Ohrimenko et al. used a secure implementation of MapReduce jobs and analyzed intermediate traffic between reducers and mappers [21]. They showed how an adversary observing the runs of typical jobs can infer precise information about the inputs. Xu et al. introduced controlled-channel attacks, which is a type of side-channel attack allowing an untrusted operating system to extract large amounts of sensitive information from protected applications [22]. Ohrimenko et al. discussed how machine learning algorithms data-oblivious algorithms can be exploited by various side-channels [23]. Consequently, they propose data-oblivious machine learning algorithms that prevent exploitation of side channels induced by memory, disk, and network accesses. Still, they note that side-channel attacks based on power and timing analysis are outside of the scope of their research.
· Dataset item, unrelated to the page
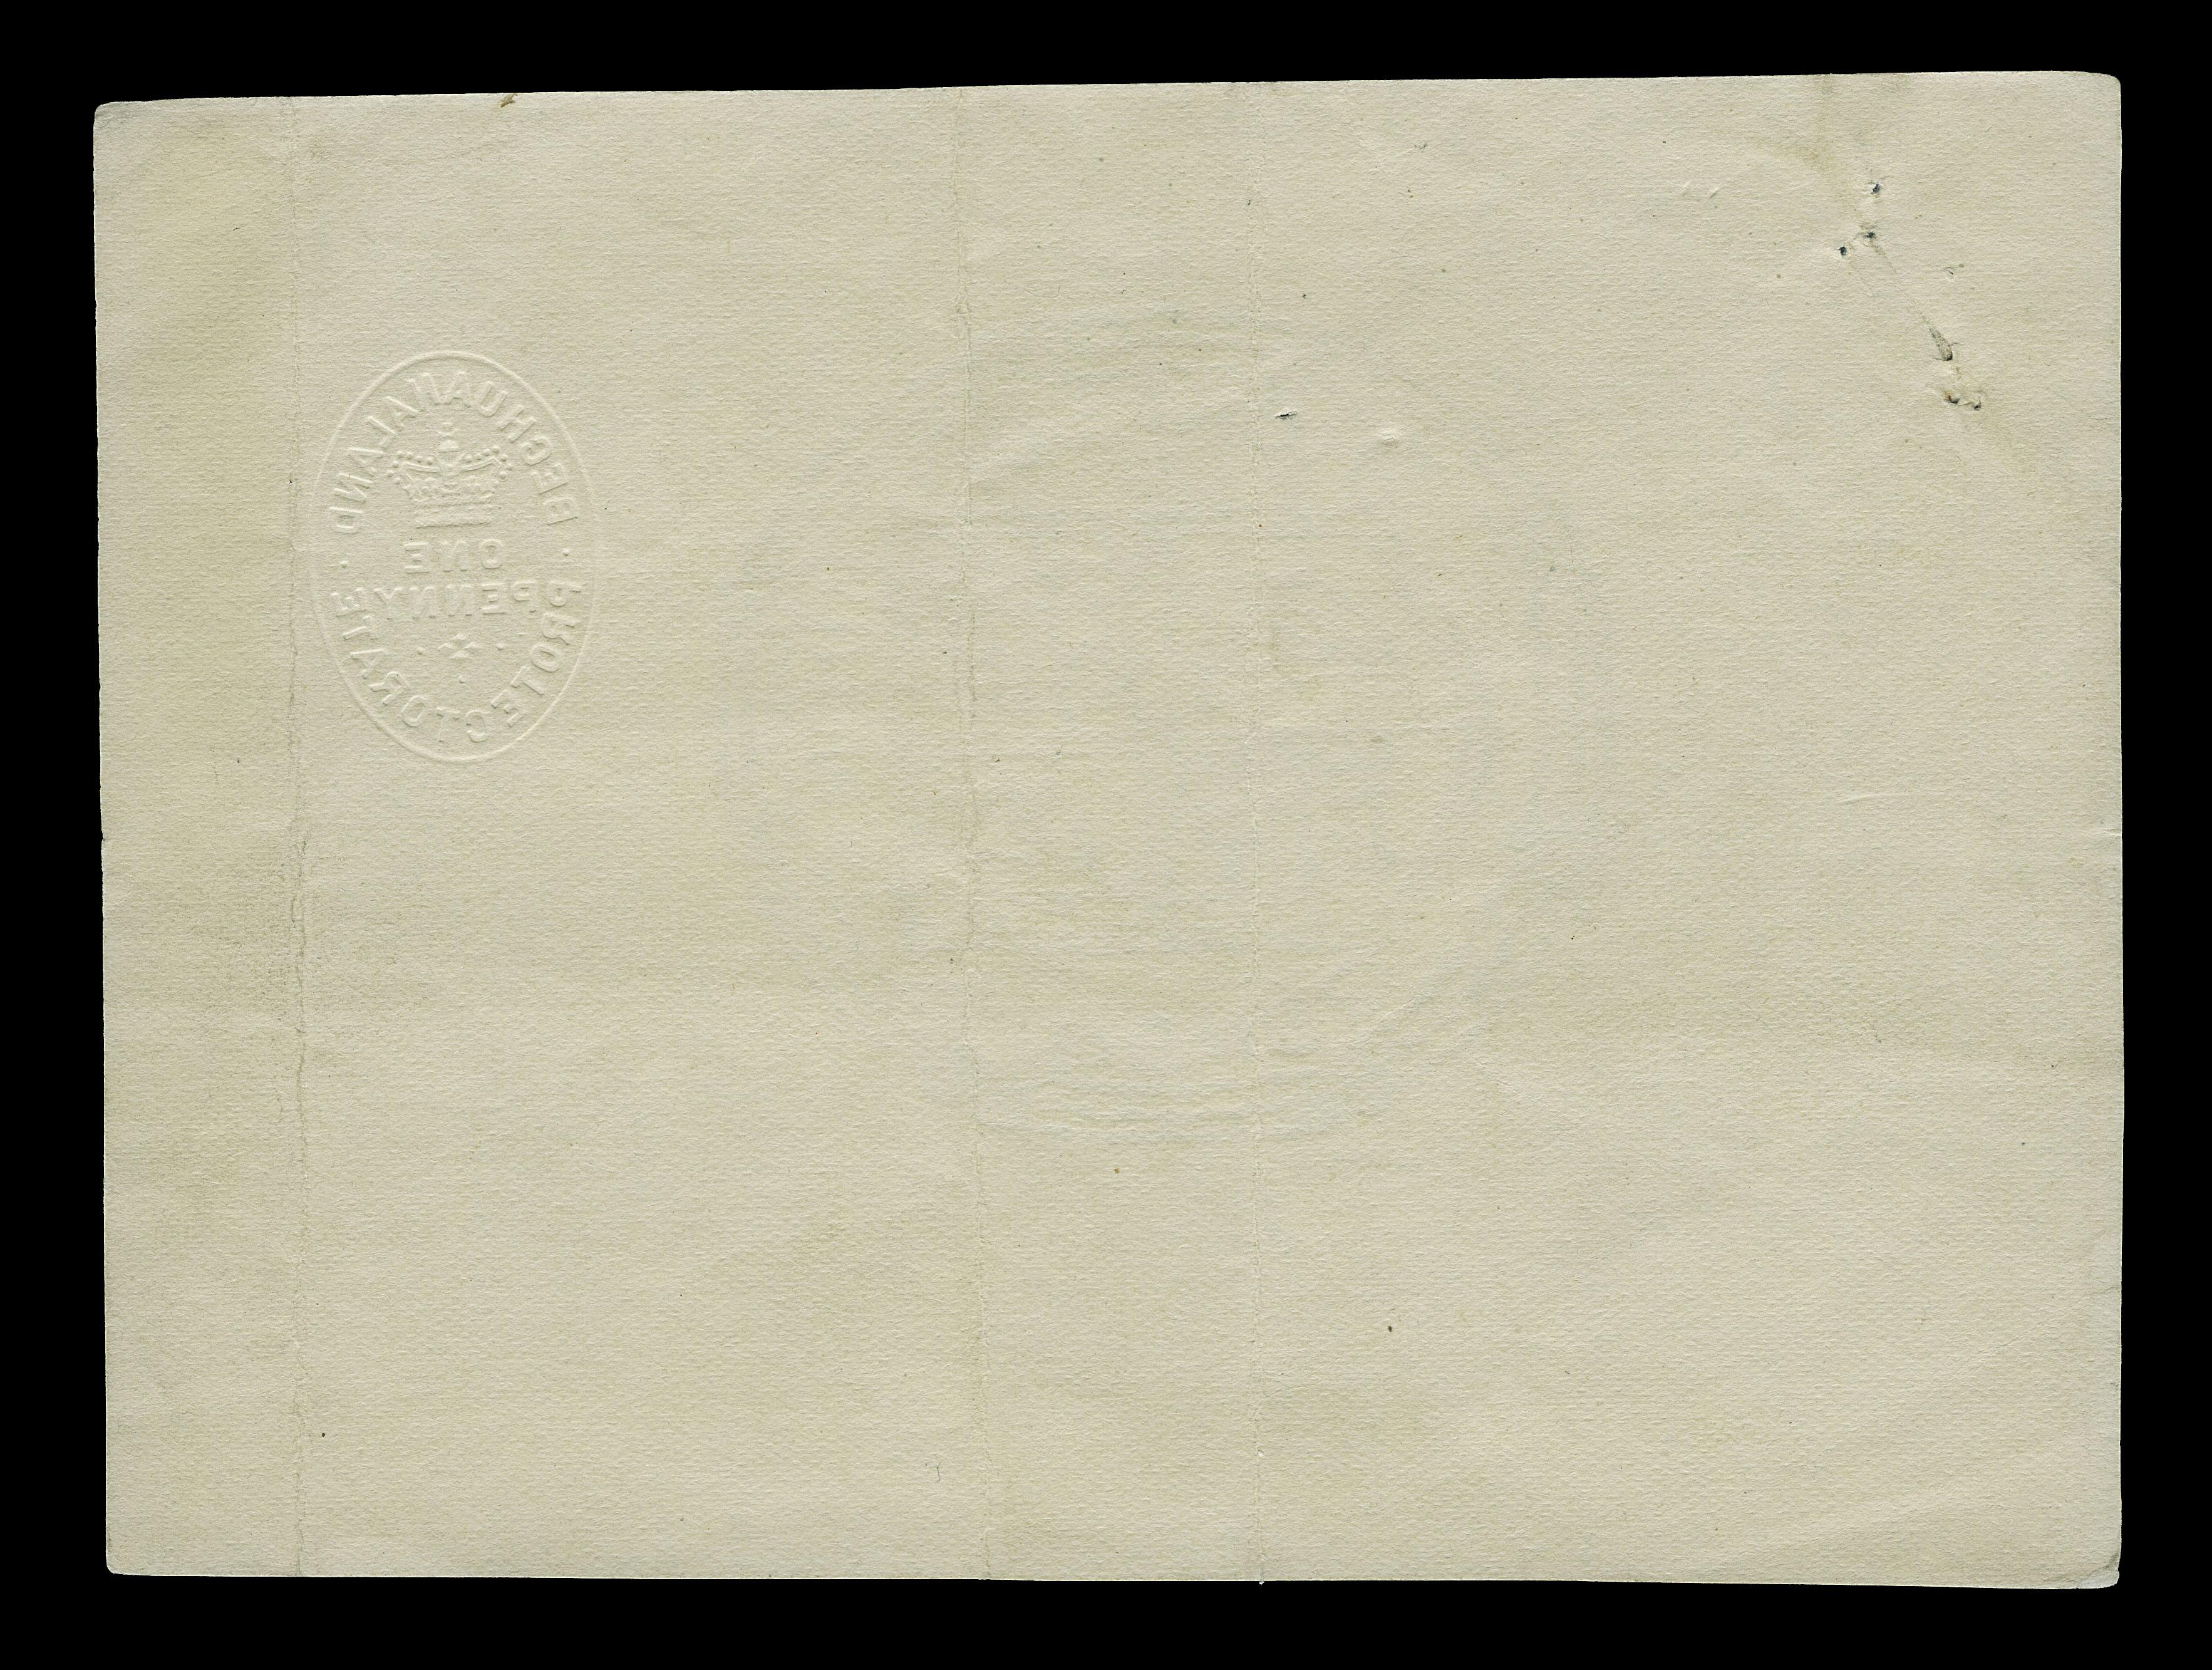 Afrique du Sud, Sir Robert Stephenson Smyth Baden-Powell Standard Bank of South Africa, 1 livre(anglaise) : 1900

Orthogonally to those works, we explore the problem of reverse engineering of neural networks from a more generic perspective and in a grey to black-box setting. To be specific, the closest previous works to ours have reverse engineered neural networks by using cache attacks which work on distinct CPUs and are basically micro-architectural attacks (although using timing side-channel). Our approach utilizes power side-channel on small embedded devices and it is supported by practical results obtained on a real-world architecture.
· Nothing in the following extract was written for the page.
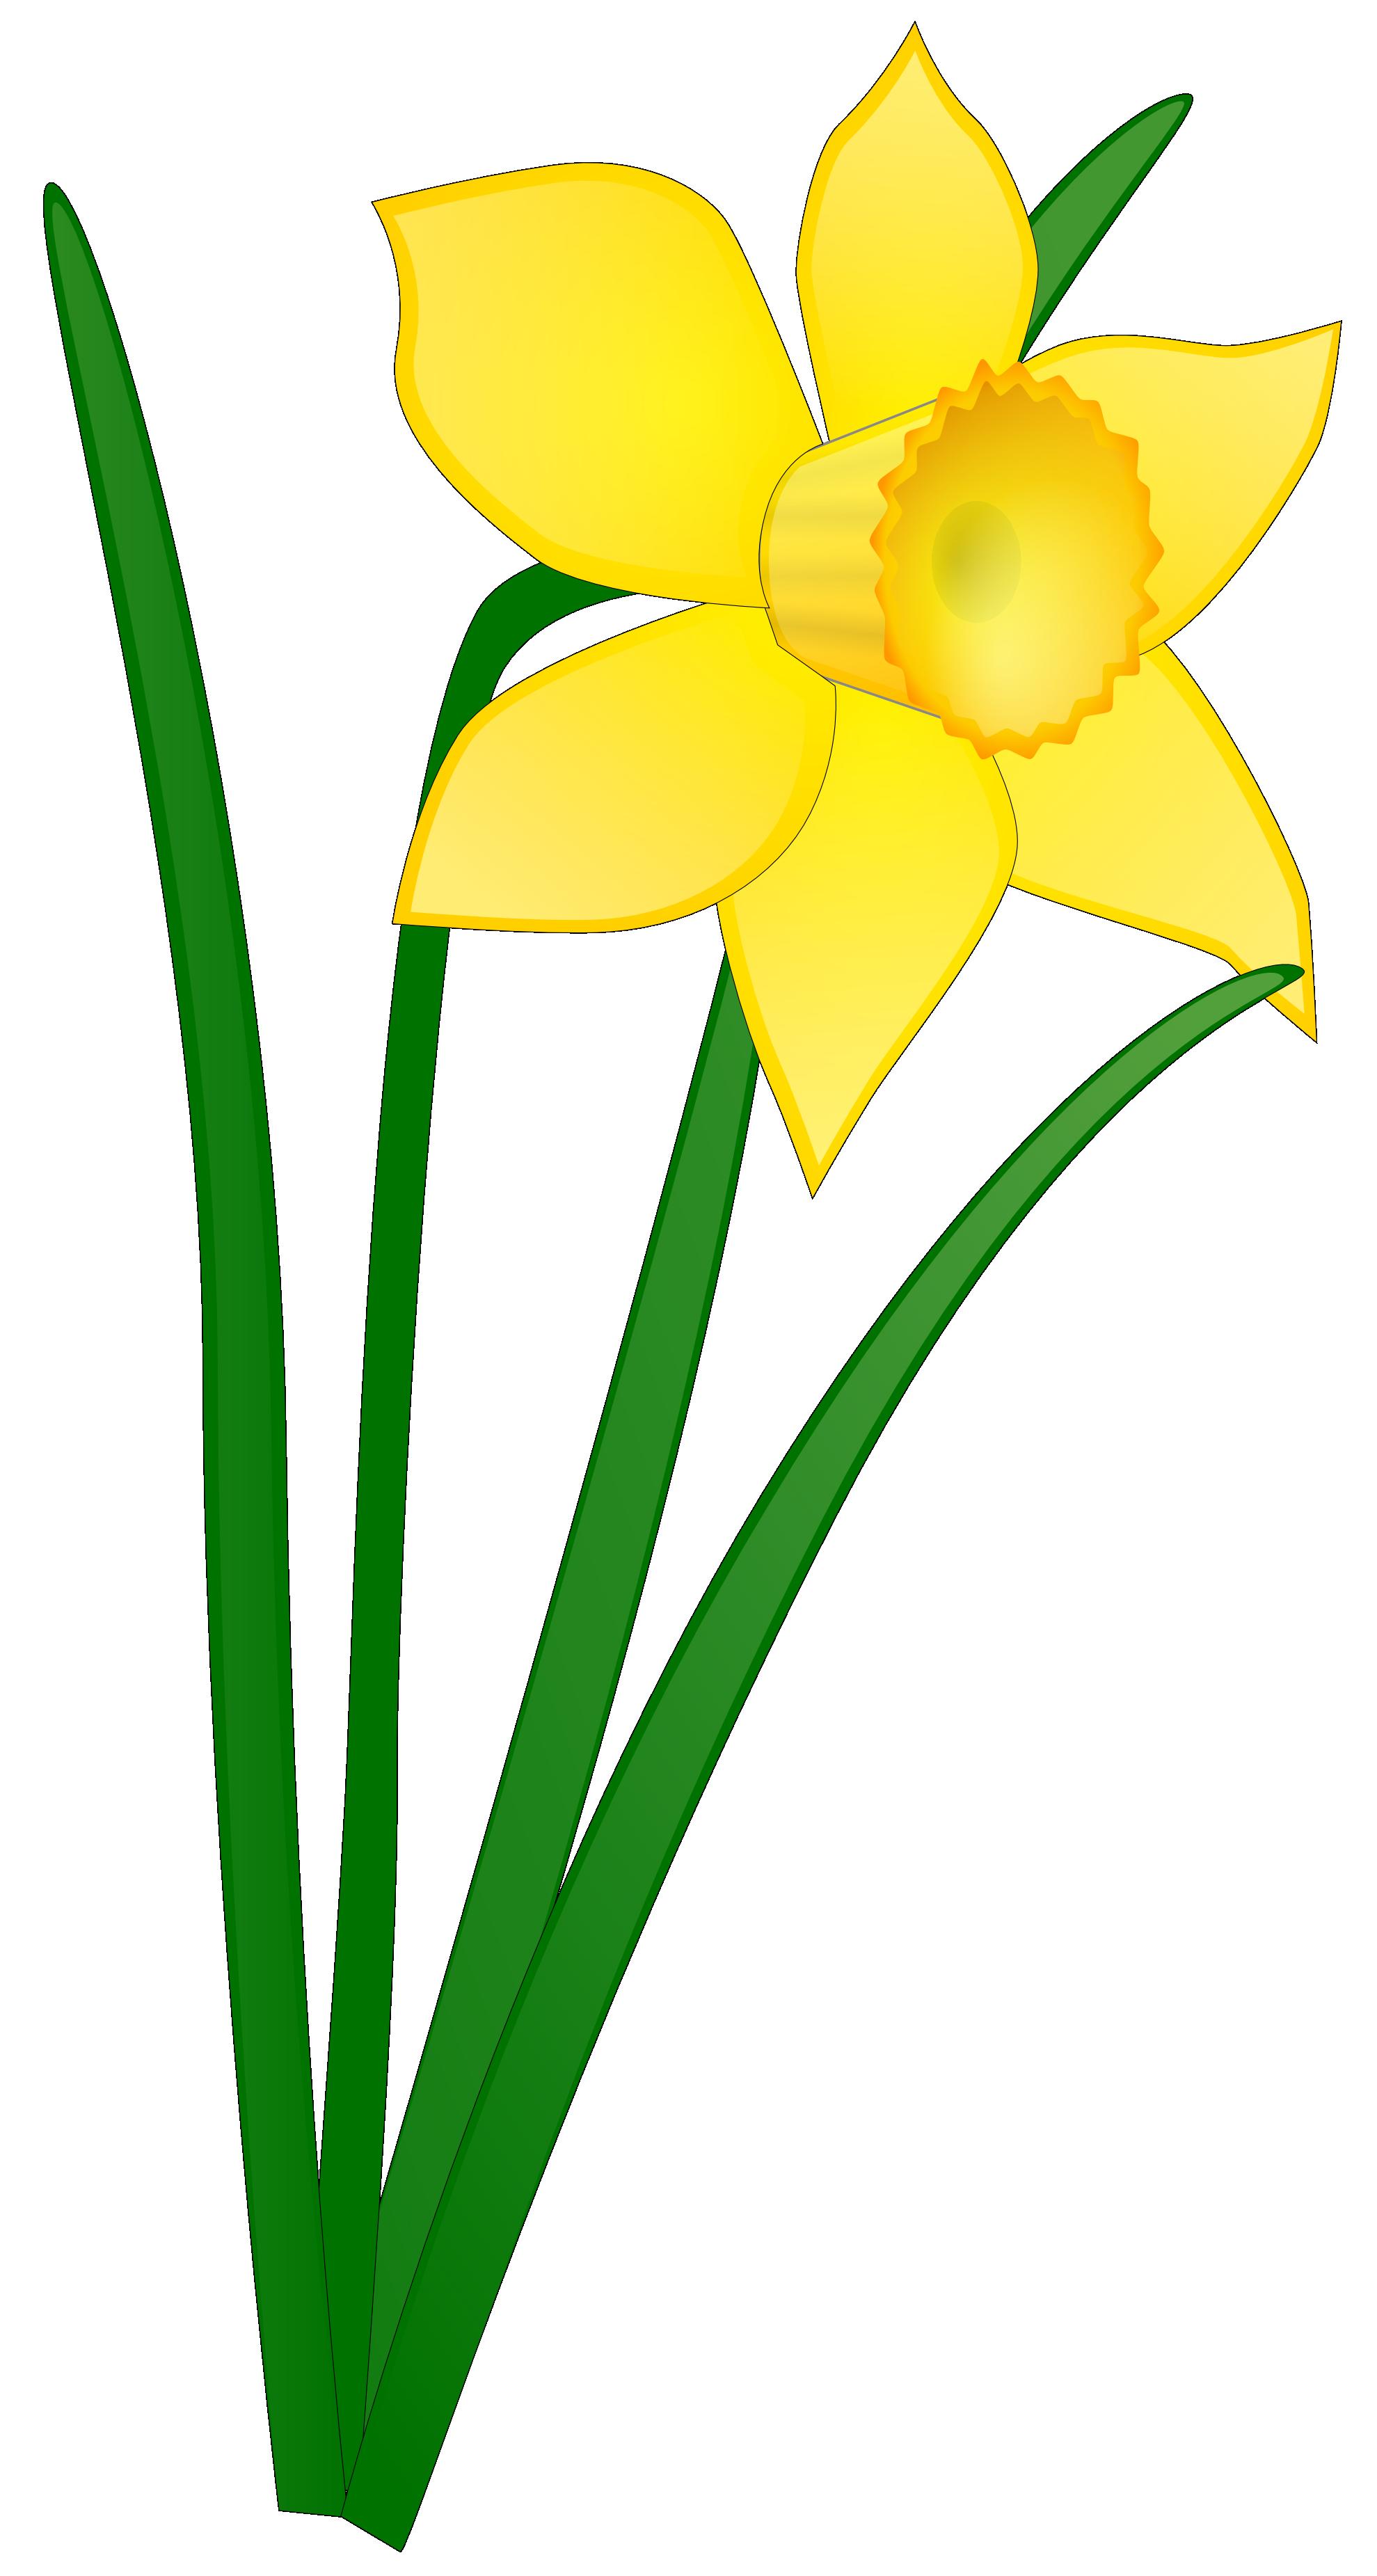 Flower clip art panda. Daffodil clipart botanical illustration

I-B Contribution and Organization

The main contributions of this paper are:

  1. We describe a full reverse engineering of neural network parameters based on side-channel analysis. A combination of side-channel leakages is used to recover key parameters i.e., activation function, pre-trained weights, number of hidden layers and neurons in each layer. The proposed attack does not need any information on the (sensitive) training data as that information is often not even available to the attacker. We emphasize that, for our attack to work, we require only the knowledge of some inputs/outputs and side-channel measurements, which is a standard assumption for side-channel attacks.

  2. All the proposed attacks are practically implemented and demonstrated on two distinct microcontrollers (i.e. 8-bit AVR and 32-bit ARM), allowing full reverse engineering of the network architecture.

  3. Further, a single trace input recovery attack has been proposed, which recovers a dataset when applied on the initial layers. This implies that the attacker can recover all the inputs tested with a known neural network, recovering each input from a single measurement. Such attacks can put user’s sensitive data at great risk.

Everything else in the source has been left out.